*** Opening of INFORMATION PROVIDED ***

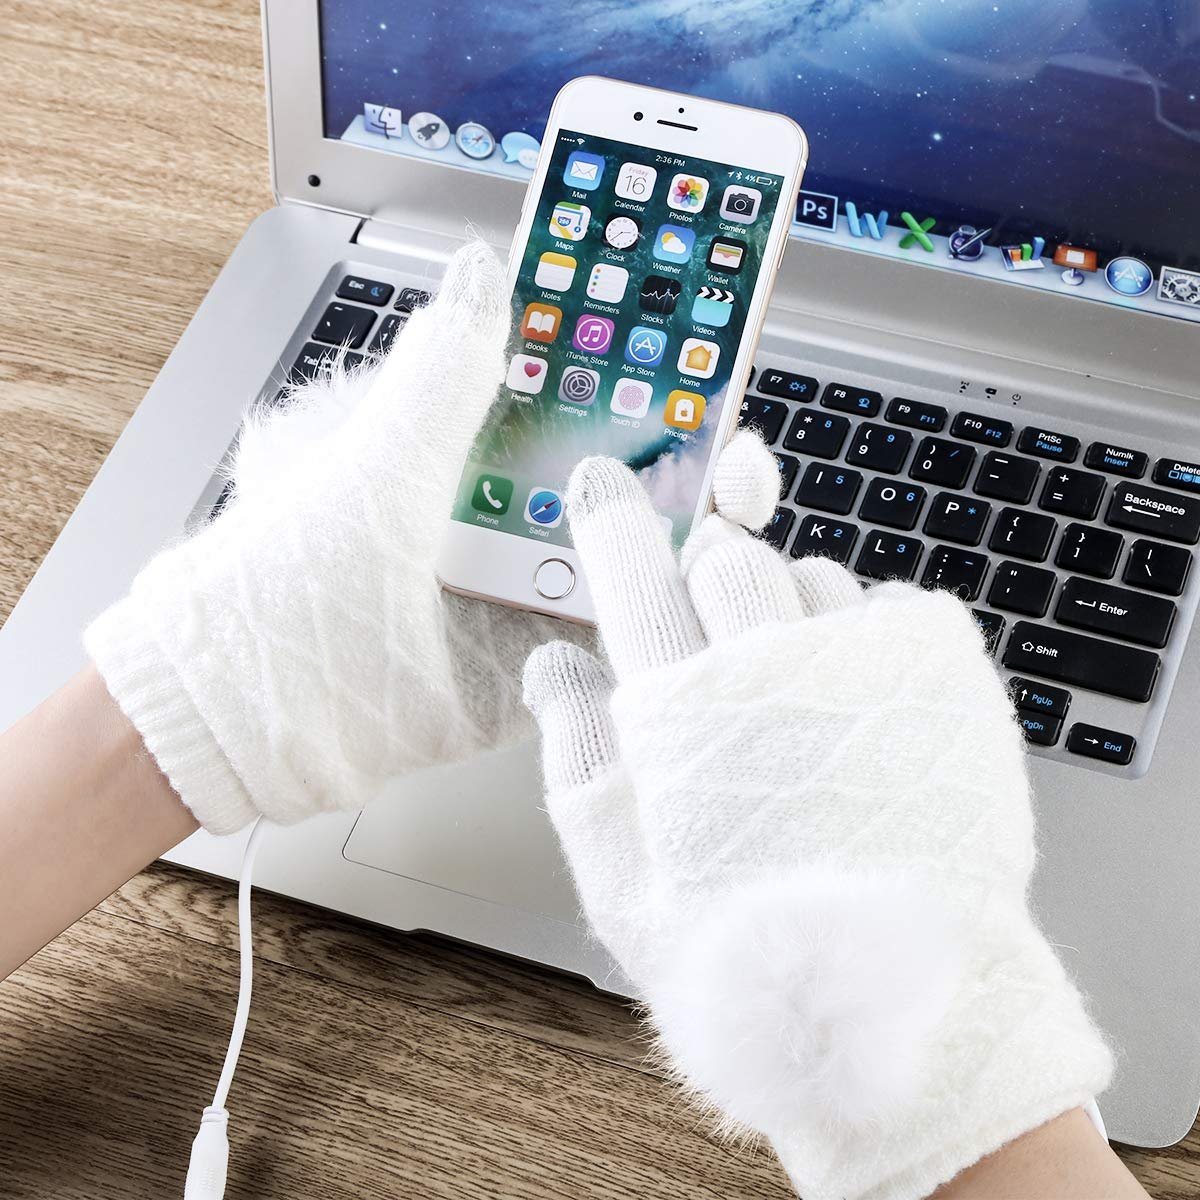 Guanti Mezze Dita Intere Mengqiy Guanti scaldamani USB Caldi Invernali Unisex per Uomo e Donna riscaldati Via USB
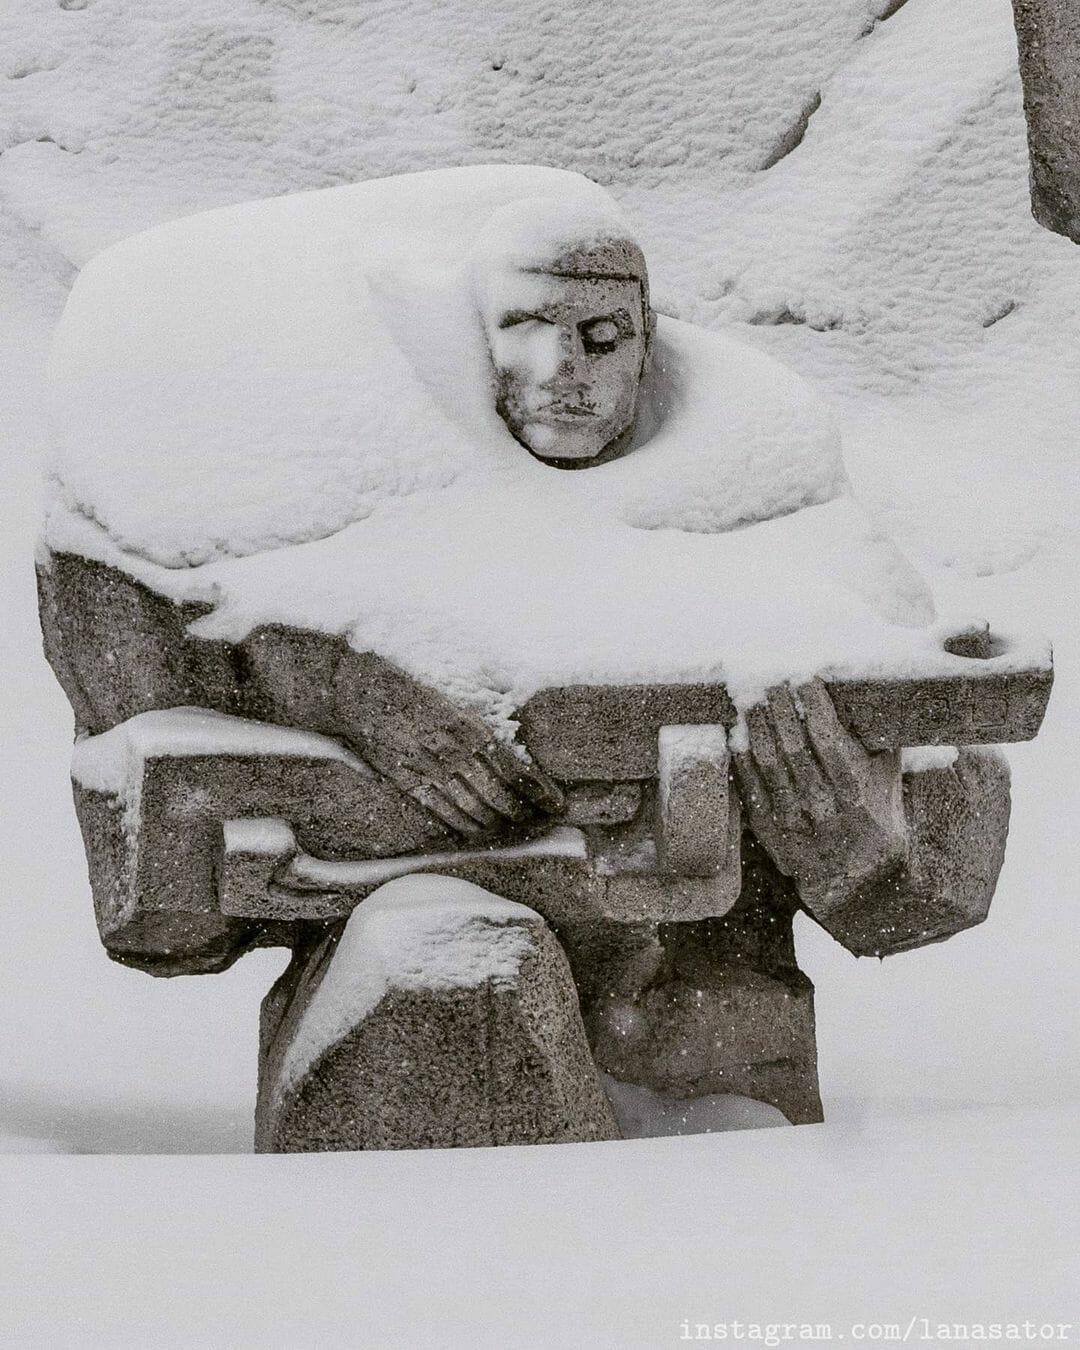 statue neige lana Sator
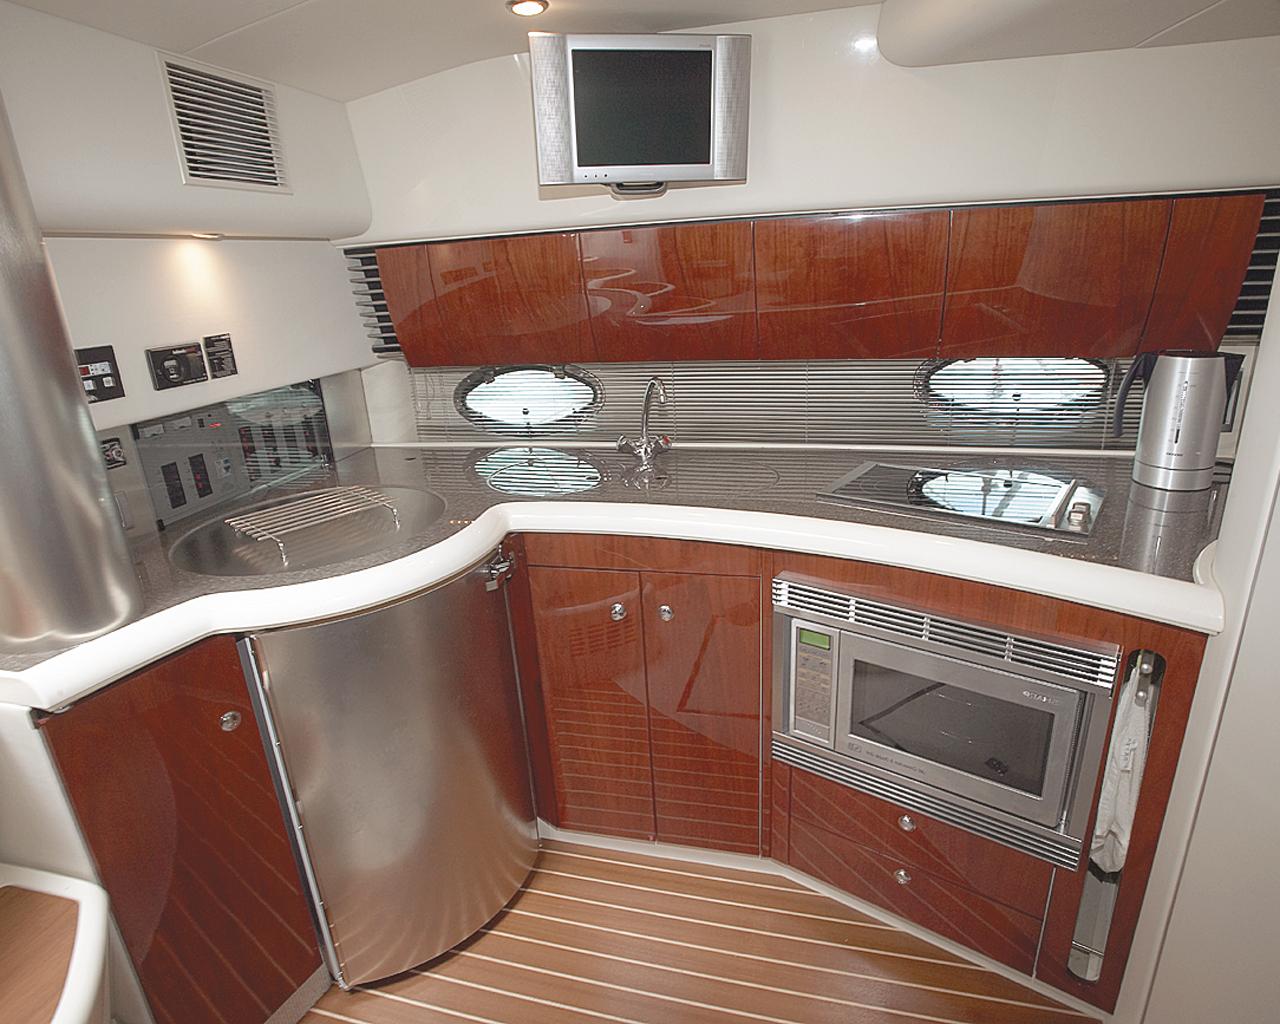 Page not found | Home Interior Design, Kitchen and Bathroom Designs ...

*** Close of INFORMATION PROVIDED ***

With images omitted, output the data exactly as given.

### TASK OUTPUT
 Guanti Mezze Dita Intere Mengqiy Guanti scaldamani USB Caldi Invernali Unisex per Uomo e Donna riscaldati Via USB
 statue neige lana Sator
 Page not found | Home Interior Design, Kitchen and Bathroom Designs ...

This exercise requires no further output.